As relações pessoais em tempos de modernidade líquida

Enviada em 06/03/2020

O paradoxo do século XXI

No soneto “Mudam-se os tempos, mudam-se as vontades”, de Luís Vaz de Camões, afirma-se que todo o mundo é composto de mudanças. Fora da literatura, a efemeridade é uma realidade na sociedade contemporânea, principalmente nas relações afetivas. Tal quadro tem como uma das principais causas o processo de industrialização que corroborou para uma cultura consumista e individualista. Nesse sentido, é necessário analisar tal problemática, intrinsecamente ligada a aspectos econômicos e culturais, a fim de minimizá-la.

Em primeiro lugar, é válido ressaltar os fatores que implicam na fragilidade dos relacionamentos modernos. Entre eles está o aperfeiçoamento do fluxo de informações e da técnica de produção, permitindo uma aceleração generalizada do ritmo de consumo. Dessa forma, acentuou-se a volatilidade das ideologias e dos relacionamentos. Essa situação é evidenciada por Zygmunt Bauman, sociólogo polonês, que compara, em sua teoria da Modernidade Líquida, a fugacidade dos vínculos humanos modernos com a liquidez dos líquidos, ou seja a incapacidade de ambos de manterem a forma.

Em segundo lugar, é válido o levantamento do IBGE, o qual mostra um aumento de 8,3% no número de divórcios entre 2016 e 2017. Logo, percebe-se um paradoxo na sociedade do século XXI. Essa torna-se cada vez mais unida pela globalização, ao mesmo passo que fragmenta-se pela valorização do individualismo. Nessa perspectiva, os contatos tendem a exigir menos tempo para serem estabelecidos e também para serem rompidos.

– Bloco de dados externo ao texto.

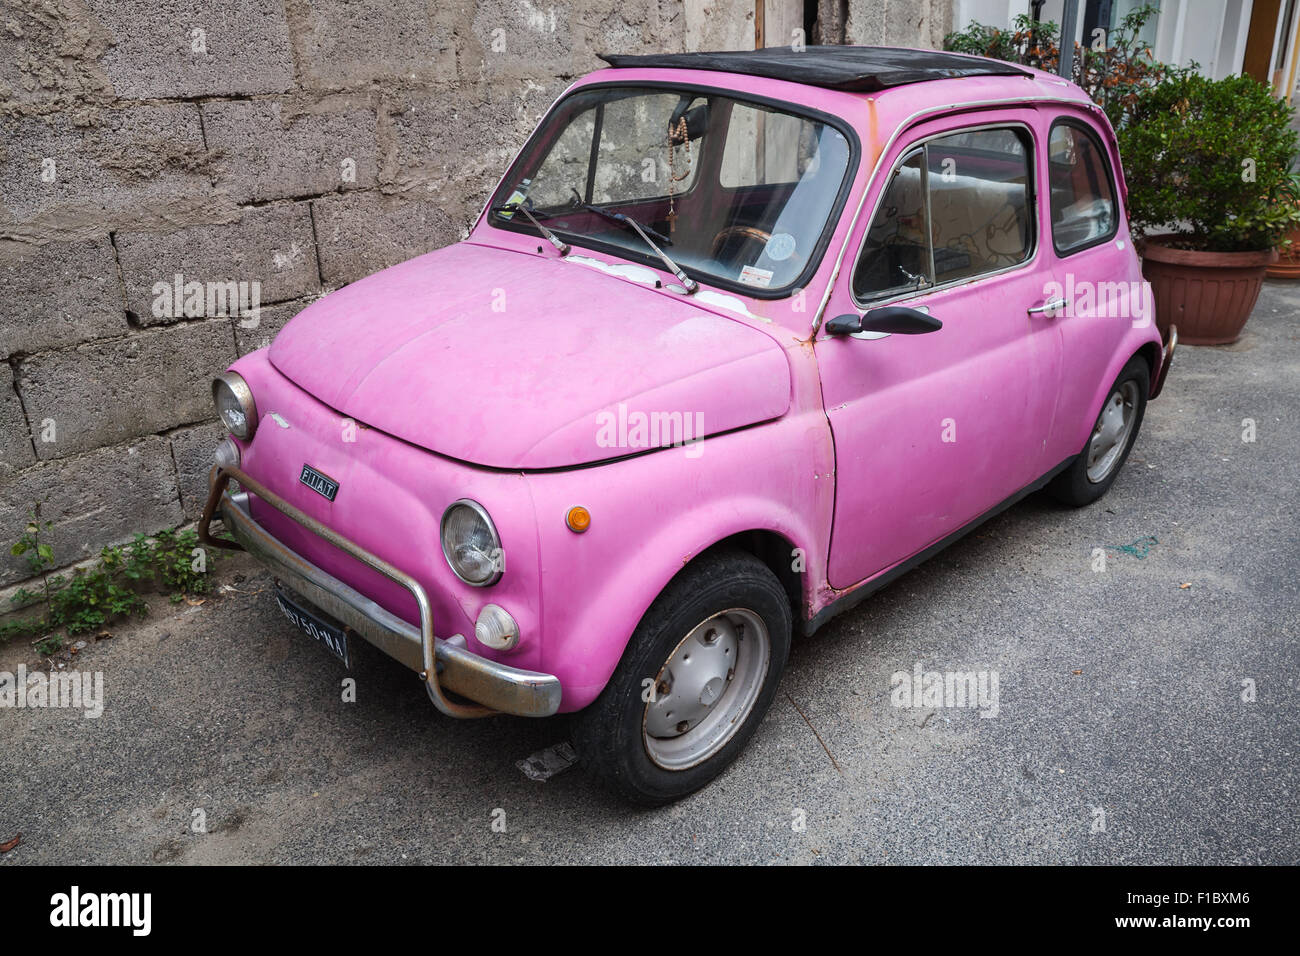 Lacco Ameno, Italy - August 15, 2015: Old pink Fiat Nuova 500 city car produced by the Italian manufacturer Fiat between 1957 an Stock Photo

Portanto, é necessário que medidas sejam tomadas a fim de estabelecer um maior equilíbrio entre modernidade sólida e líquida. Cabe ao Ministério da Educação, por meio de palestras em escolas e aulas virtuais com especialistas, orientar a sociedade sobre a importância do contato físico, e não apenas digital, entre os indivíduos. Além disso, é conveniente o debate familiar sobre os sentimentos pessoais de cada um, visando intensificar os laços afetivos. Assim, será possível minimizar a fluidez das relações modernas.